During his first sentence (spent in Mordovia) Ovsienko became acclimated with other political prisoners, and had begun participating in hunger strikes and prison strikes within a year of his term. He left prison on 9 February 1977, met with Lisovyi in Zhytomyr, and returned to Lenino a month later. Following his return to Lenino Ovsienko created a makeshift radio antenna and used it to obtain broadcasts from the Ukrainian-language service of Radio Liberty. After hearing about the founding of the Ukrainian Helsinki Group in a Radio Liberty broadcast, Ovsienko spread the news to close friends. He also again began publishing samizdat, this time publishing the poetry of Vasyl Stus.

== Second arrest ==
Ovsienko was again arrested in November of that year. Ovsienko was charged with resisting arrest, including insulting an officer and ripping two buttons from his jacket, and sentenced to three years' imprisonment. The 1977 arrest occurred after he had met with Ukrainian Helsinki Group activists Oksana Meshko and Olha Babych (sister of imprisoned activist Serhii Babych), and both Meshko and Babych were also arrested shortly after the meeting. Amnesty International later argued in 1982 that the charges against Ovsienko were false. Ovsienko spent his second sentence in prisons in Ukraine's Zhytomyr and Zaporizhzhia Oblasts. While imprisoned, he joined the Ukrainian Helsinki Group in 1978.

== Third arrest ==
Six months before his release he was once again sentenced, this time to further charges of anti-Soviet agitation for openly discussing the Holodomor. He was placed in the Perm-36 labour colony, with unsanitary and crowded conditions. In Perm-36 he was imprisoned alongside individuals convicted for involvement in the Dymshits–Kuznetsov hijacking affair.

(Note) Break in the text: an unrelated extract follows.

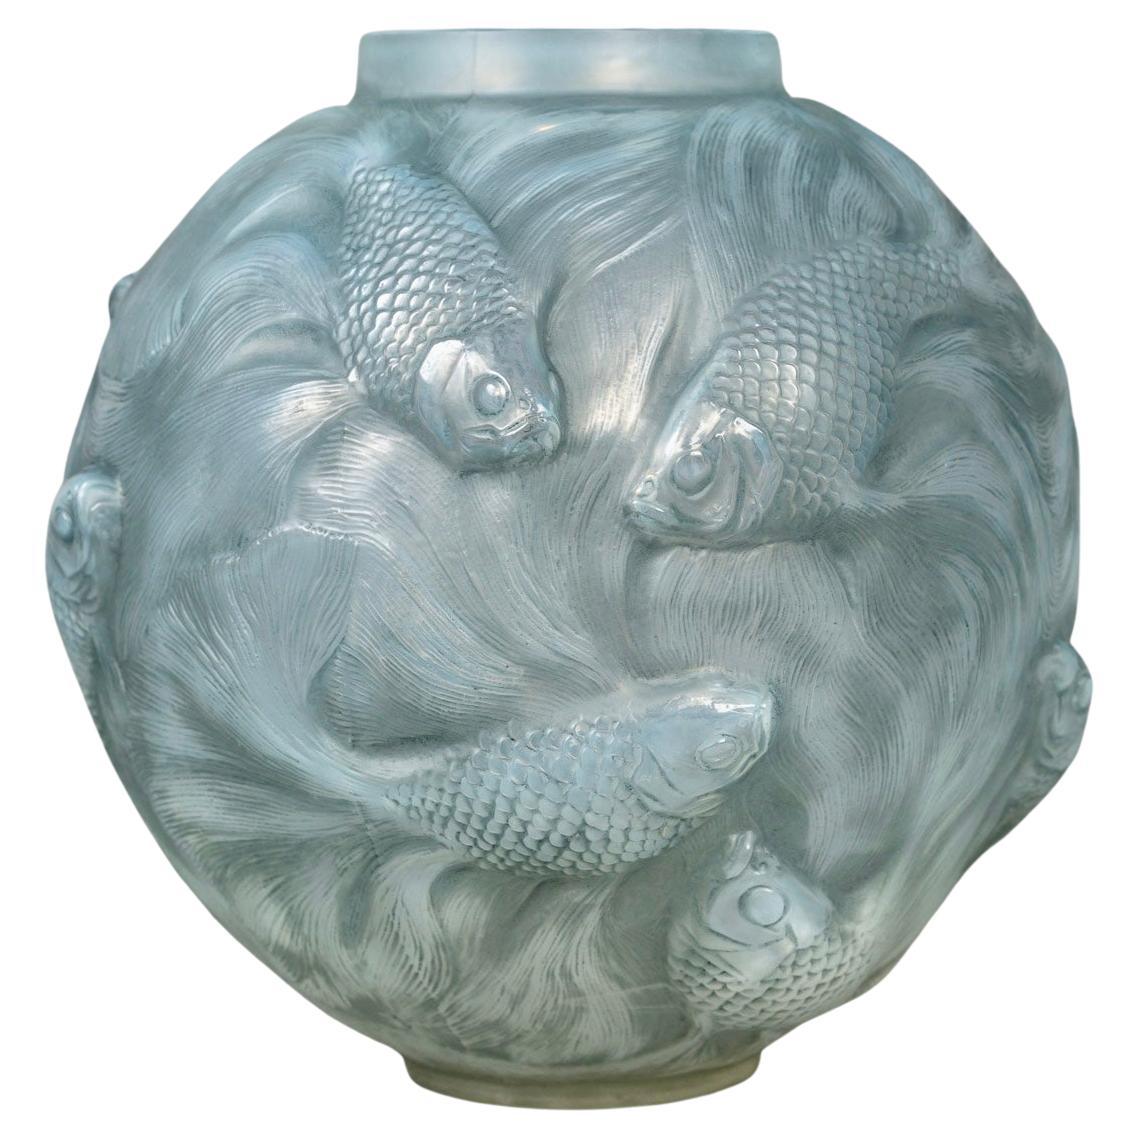 1924 Rene Lalique Vase Formose Cased Opalescent Glass with Blue Patina For Sale

As part of the Perestroika reforms promoted by Soviet leader Mikhail Gorbachev, Ovsienko, along with all other political prisoners in Perm-36, was moved to the Perm-35 prison on 8 December 1987. Ovsienko was urged to write a statement providing grounds for a pardon, but refused (along with several other political prisoners) out of the belief that he had been wrongfully convicted. He was pardoned a year later in spite of his refusal to write a statement, being among the final five to be released (alongside Mykola Horbal, Ivan Kandyba, M. Alekseyev, and Enn Tarto).

On 21 August 1988 Ovsienko boarded a plane from Perm to Kyiv. Originally intended to be sent to Lukyanivska Prison, he was instead imprisoned at the KGB headquarters. A day later, he was released and allowed to return to Zhytomyr, and from there reached Lenino. He returned to Perm-36 a year later to participate in the reburials of Vasyl Stus, Yuriy Lytvyn, and Oleksa Tykhy, who had all died during their sentences at the prison.

== Later life and death ==
Following his release Ovsienko continued to be active in the human rights scene of Ukraine. With the Ukrainian Helsinki Group's legalisation in 1988 he was appointed as head of the group's branch in Zhytomyr Oblast. However, he failed to establish a chapter of the Helsinki Group or the People's Movement of Ukraine in his native village. In 1994 an apartment was purchased for him by his supporters, and further monetary aid was provided by Mykhailo Horyn and John Kolasky.

In the late 1990s he organised expeditions to Sandarmokh and the Solovetsky Islands, where mass killings had occurred during the Great Purge. In the early 2000s, along with Yevgen Zakharov, Ovsienko wrote a four-volume compendium of dissidents in the Eastern Bloc, including around 200 Ukrainian political prisoners.

Ovsienko died on 19 July 2023. In February 2024 the Belgorod Street in Kyiv was renamed to Vasyl Ovsienko Street.